Under general anesthesia and endotracheal intubation, the patient is placed in the dorsal position with the legs apart. The surgeon is placed between the legs; the wizard is located to the right or left according to preference . An incision is made in the suprapubic midline; a preaponeurotic space is created; an optical trocar is placed, the neocavity is infused with pressure between 8 and 10 mmHg, then the 5 mm working trocars are placed, they are placed in both iliac pits under direct vision, as shown in Figure 1 [18-23]. Then the dissection of the subcutaneous cell tissue up to 3 cm beyond the bilateral costal margin and laterally to the anterior axillary lines is completed. Plication of the sheath of the rectum with bearded suture is performed from the xiphoid appendix up to 5 cm subumbilical. If necessary, the release of aponeurosis from the external oblique is carried out outside the outer edge of the rectum . Hemostasis control and neocavity washing are performed. Then a light mesh of acroporous polypropylene 22 cm long × 15 cm transverse is placed or placed of the appropriate size to cover the area of detachment of the external oblique if it was performed . The prosthesis is fixed with trackers, straps or resorbable stitches. The navel is reinserted with internal or external sutures. Aspirational drains were placed systemically in 100% of cases, with a permanence of approximately 3 days. Removing when the remnant was less than 50 cc per day .

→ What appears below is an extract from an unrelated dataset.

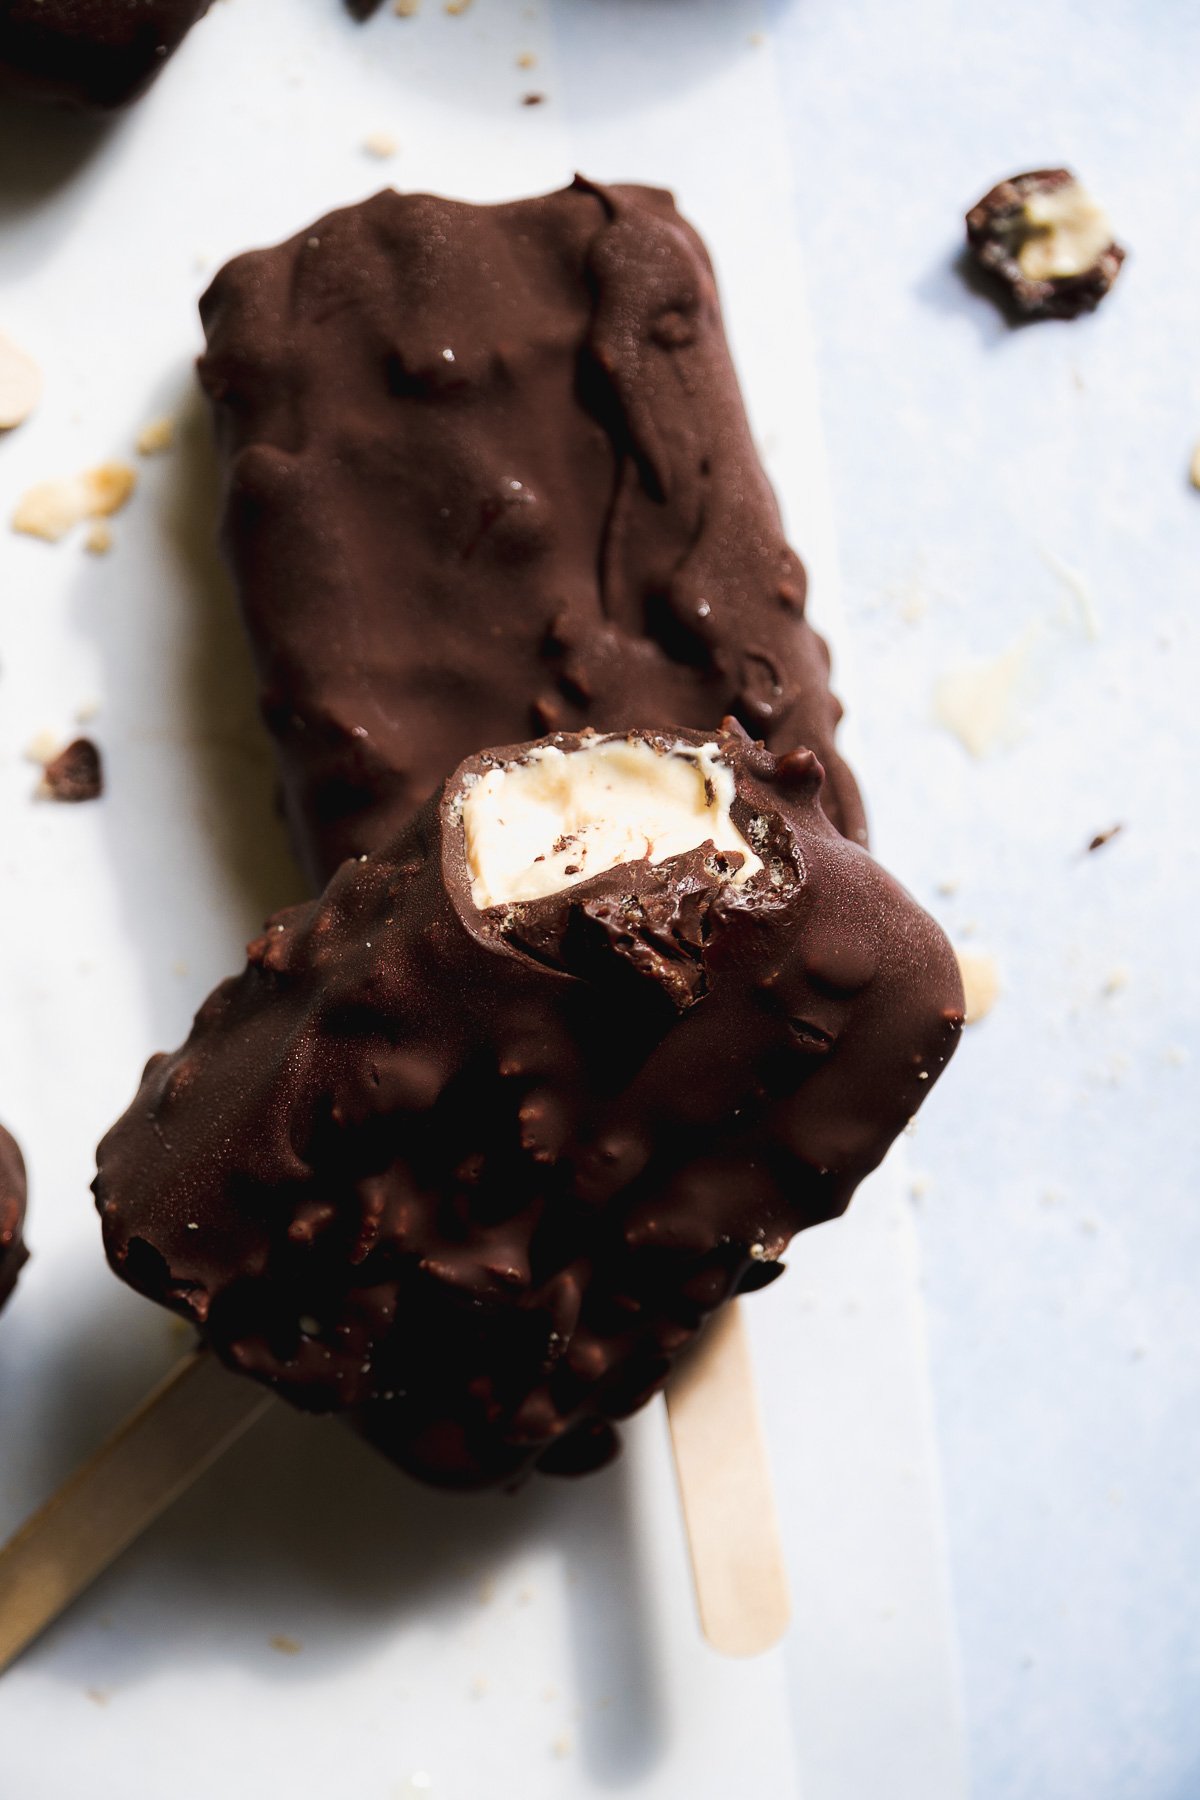 Frozen yogurt bars covered in chocolate with a bite taken out of one.

The study carried out by Majke et al, in which they consider that the first step for proper management of diastasis recti is physical therapy. The second treatment option should be surgery, open or laparoscopic, both with high success rates. The surgical approach includes different plication techniques. Recurrence and complication are low, with improvement in lumbar pain, urinary incontinence and quality of life . Another study conducted by Salvatore et al analyzed the evolution of 172 patients who underwent preaponeurotic endoscopic repair between August 2017 and December 2019. One hundred twenty-four patients were followed up for at least one year. Sixty-three patients responded to a satisfaction and quality of life survey 12 months after surgery. It was concluded that endoscopic repair is safe and effective for the treatment of diastasis recti . We consider the implemented methodology to be a strength, with respect to the literature search, selection of relevant articles, quality assessment and data extraction. Therefore, we could conclude that the endoscopic approach for the repair of diastasis recti is a good alternative to surgical treatment, and thus improves the quality of life of patients.
Diastasis recti is an increase in the distance between the rectus abdominis muscles in the midline caused by weakness in the anterior abdominal wall. Most experts agree that there is weakness, thinning, and widening of the linea alba and associated abdominal muscle weakness. Currently there are different therapeutic approaches for diastasis recti, among which we can highlight physiotherapy, in which the doctor can start the treatment of diastasis recti by referring the patient to a physiotherapist for conservative treatment. The other approach is surgical, which can be open surgery, laparoscopic surgery, and robot-assisted surgery. The preaponeurotic endoscopic repair allows us to resolve the parietal defect with the placement of a reinforcement supraaponeurotic prosthesis, which will reduce recurrence, increasing plastic safety, without entering the abdominal cavity, with good aesthetic and functional results.